The other day, a bobcat walked across the back yard. It didn't see me. I said hello. Its tail was bobbed. It loped along on its tall legs. I think I would look good in antlers.
There are so many things to appreciate here, it hard to know where to begin.
At 45 I left my husband of 27 years. I chose myself. Even those who saw the massive flaws in the marriage did not agree with my departure.
What about your sons? My sons learned that you cannot treat a good woman like shit and keep her in your life. That’s what. I wish I had said “You don’t have to agree with me “ and moved on. Instead, I spent a lot of time worrying that I had effed up my boys. One did not talk to me for a year. We are fine now; he told me a while back that he was upset when I left but now he sees how happy both his parents are in our new lives.
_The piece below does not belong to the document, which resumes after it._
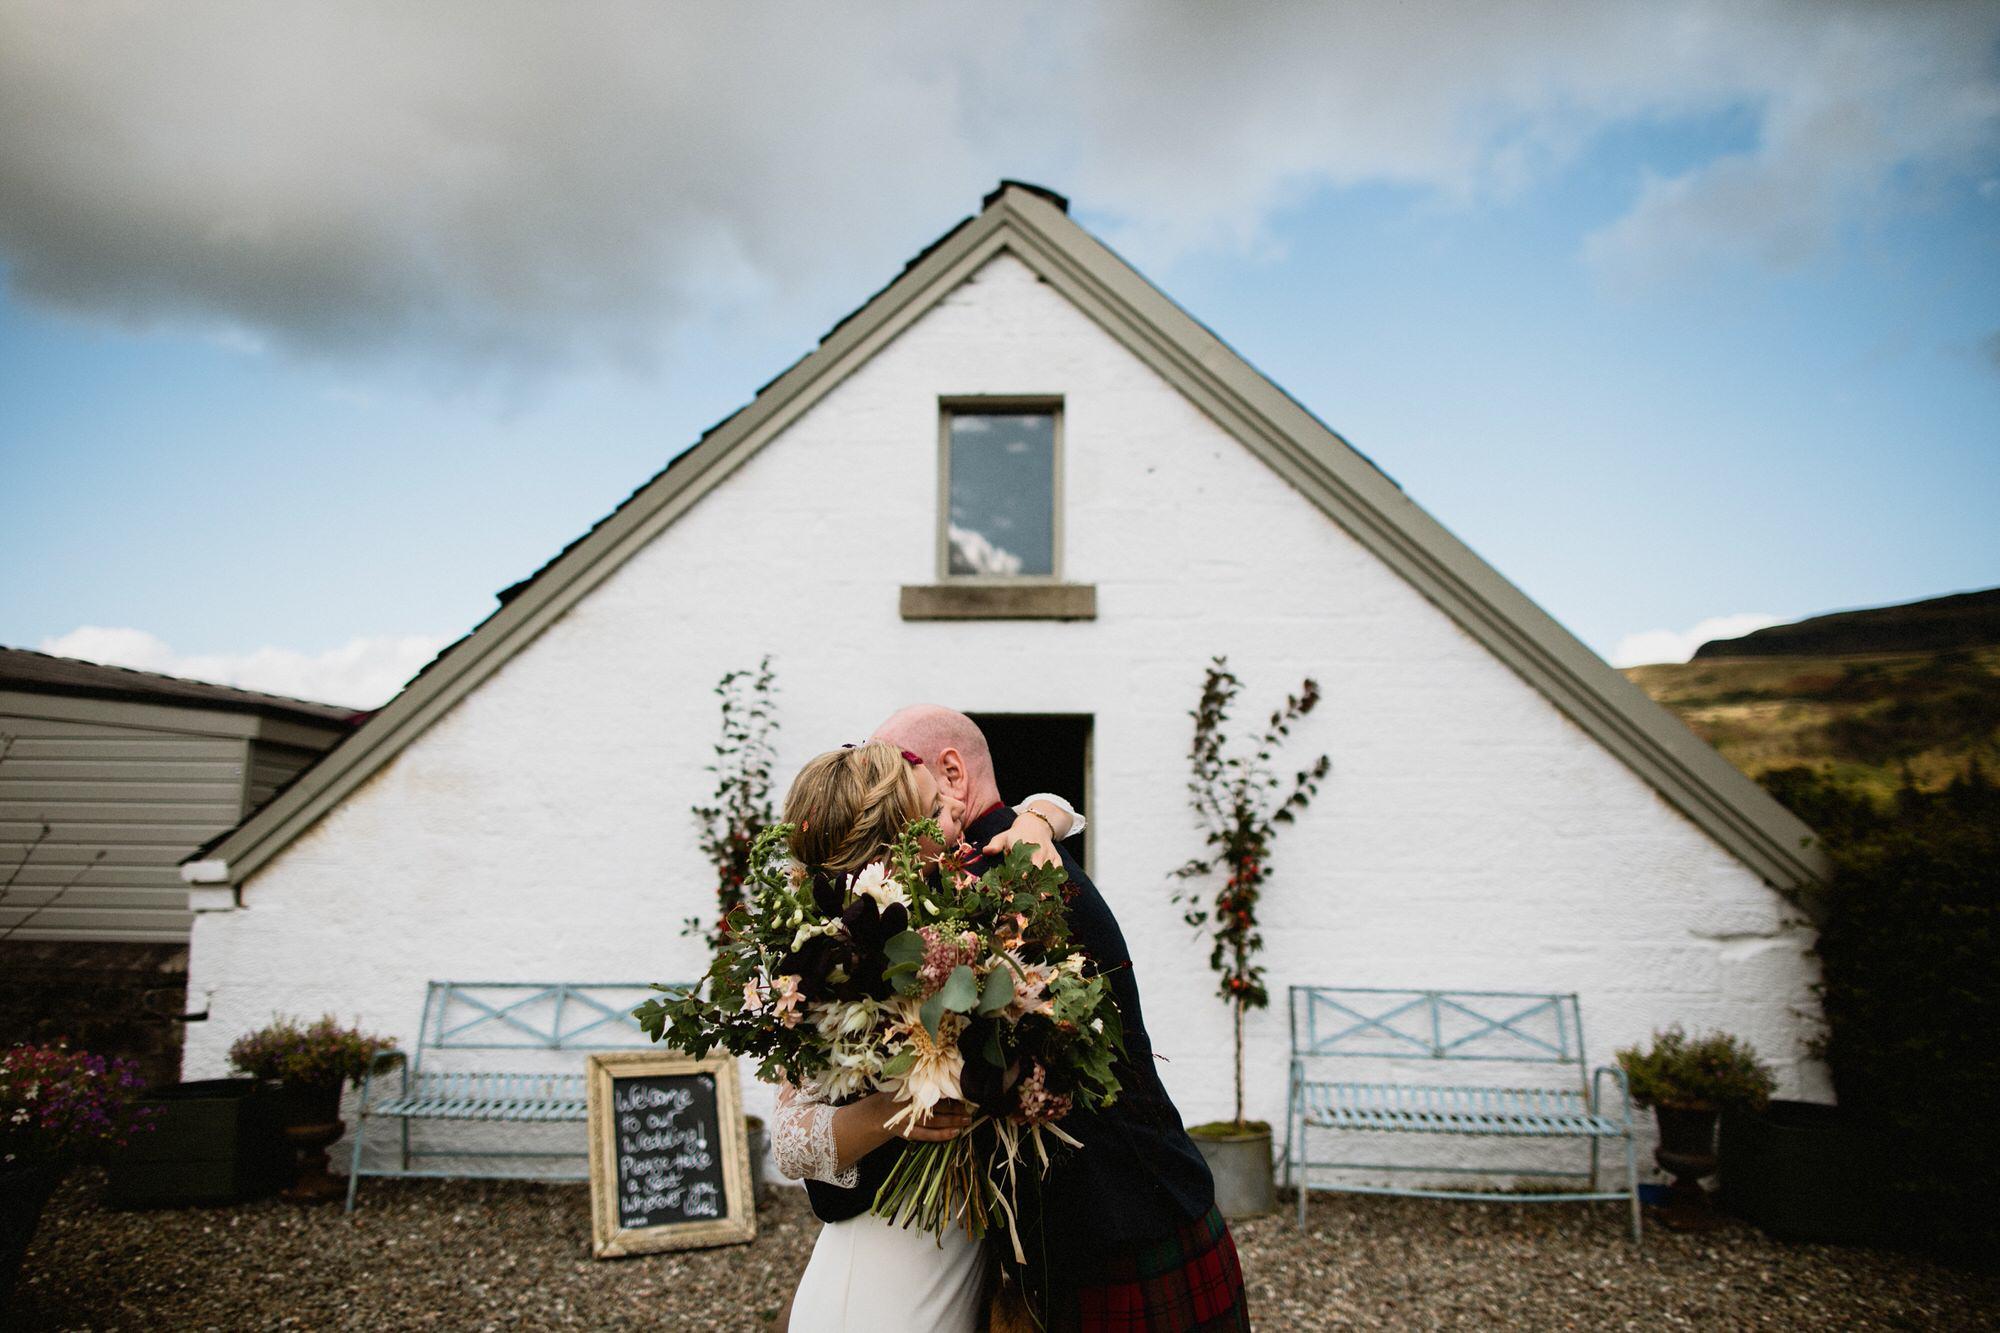 024 STONE BOTHY JUST MARRIED TIN SHED KNOCKRAICH WEDDING AUTUMN ZOE ALEXANDRA PHOTOGRAPHY
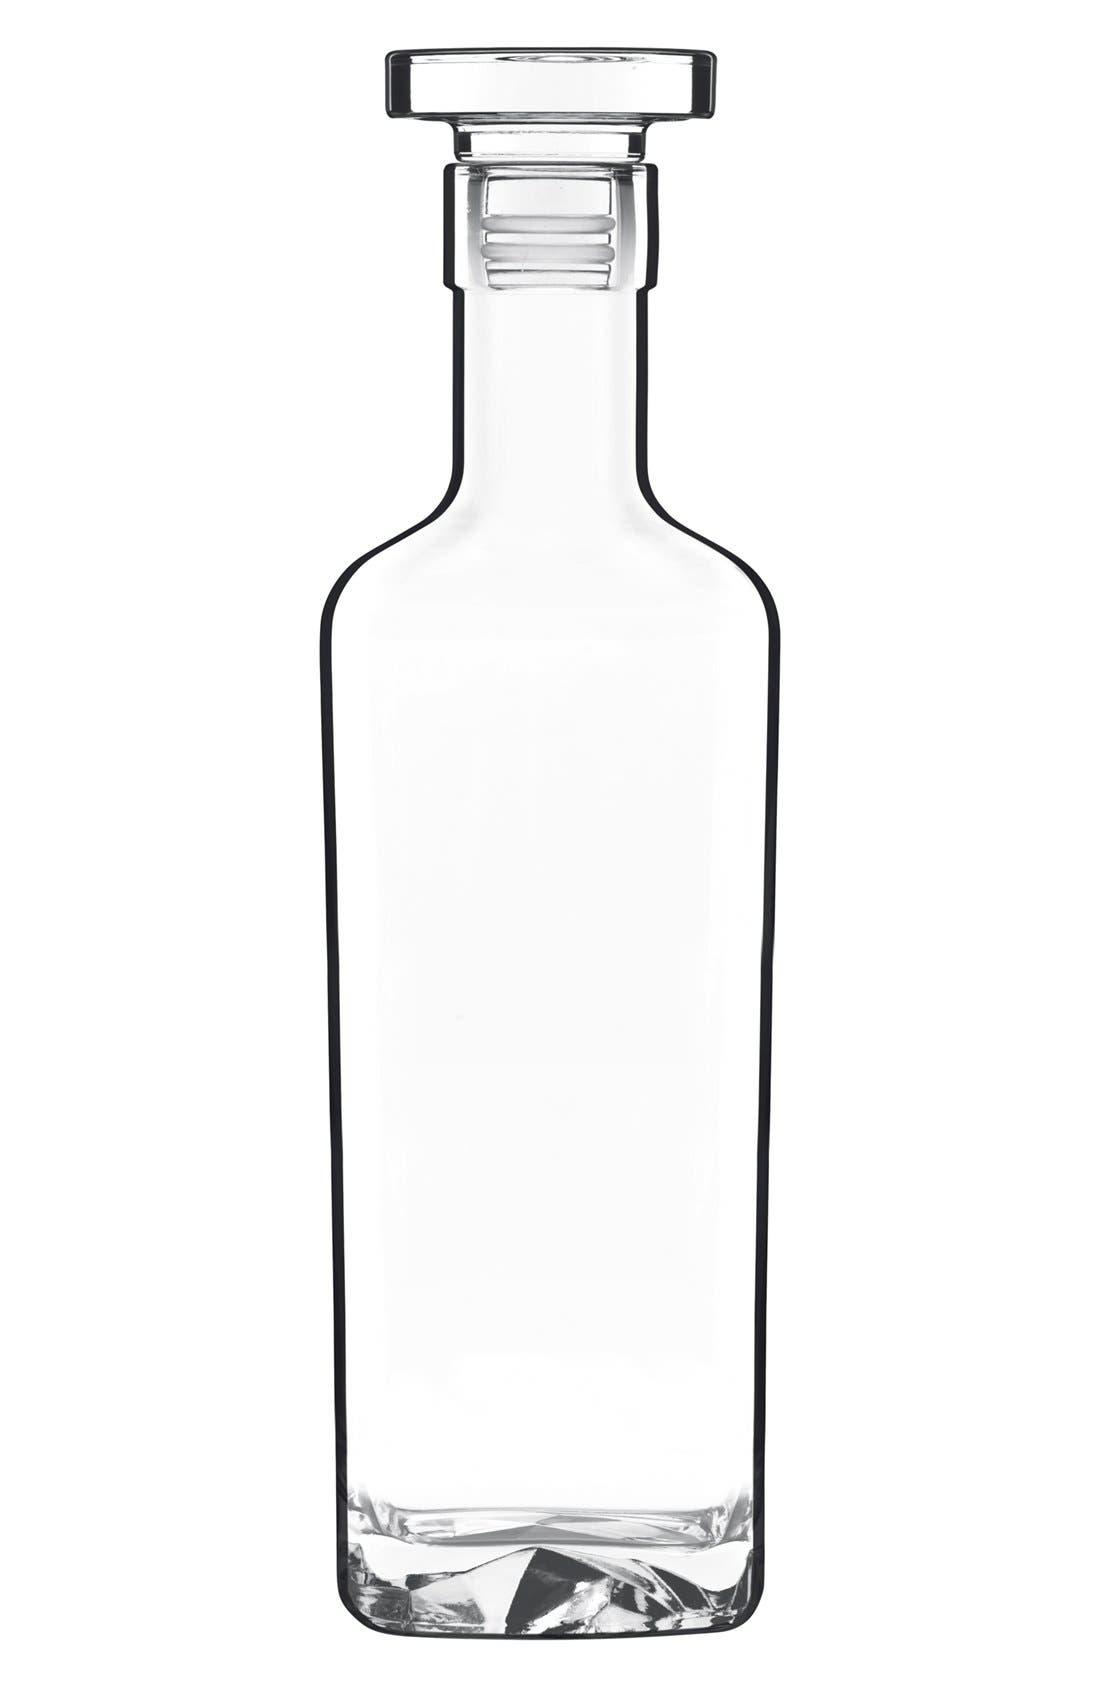 Luigi Bormioli 'On the Rocks' Spirits Bottle

I left an unsatisfactory marriage at 45. At 45.5 I finally lived myself enough to find satisfaction everywhere, including between the sheets. My ex was selfish in every way. I did not switch teams but I met and later married a man younger than me who values himself and me equally.
It took til 45 to love myself well enough to “fuck well”. 😉
Everything about the book you are quoting and your response to it infuses me with power.
We women need to make choices for who we are, not who we are supposed to be. Thank you for the reinforcement of what my heart knows to be true.
Wow. As a 47-year-old woman who quit practicing law to write a memoir about, among other things, shaving my head when I was a teenager in the '90s, clearly I need to read Constance Debre. I'm so interested in this urge that I, and so many other women, have in our 40s to pare down our lives and get back to what mattered to us in adolescence, before we became caretakers for other lives. Thank you for writing about this, Laurie!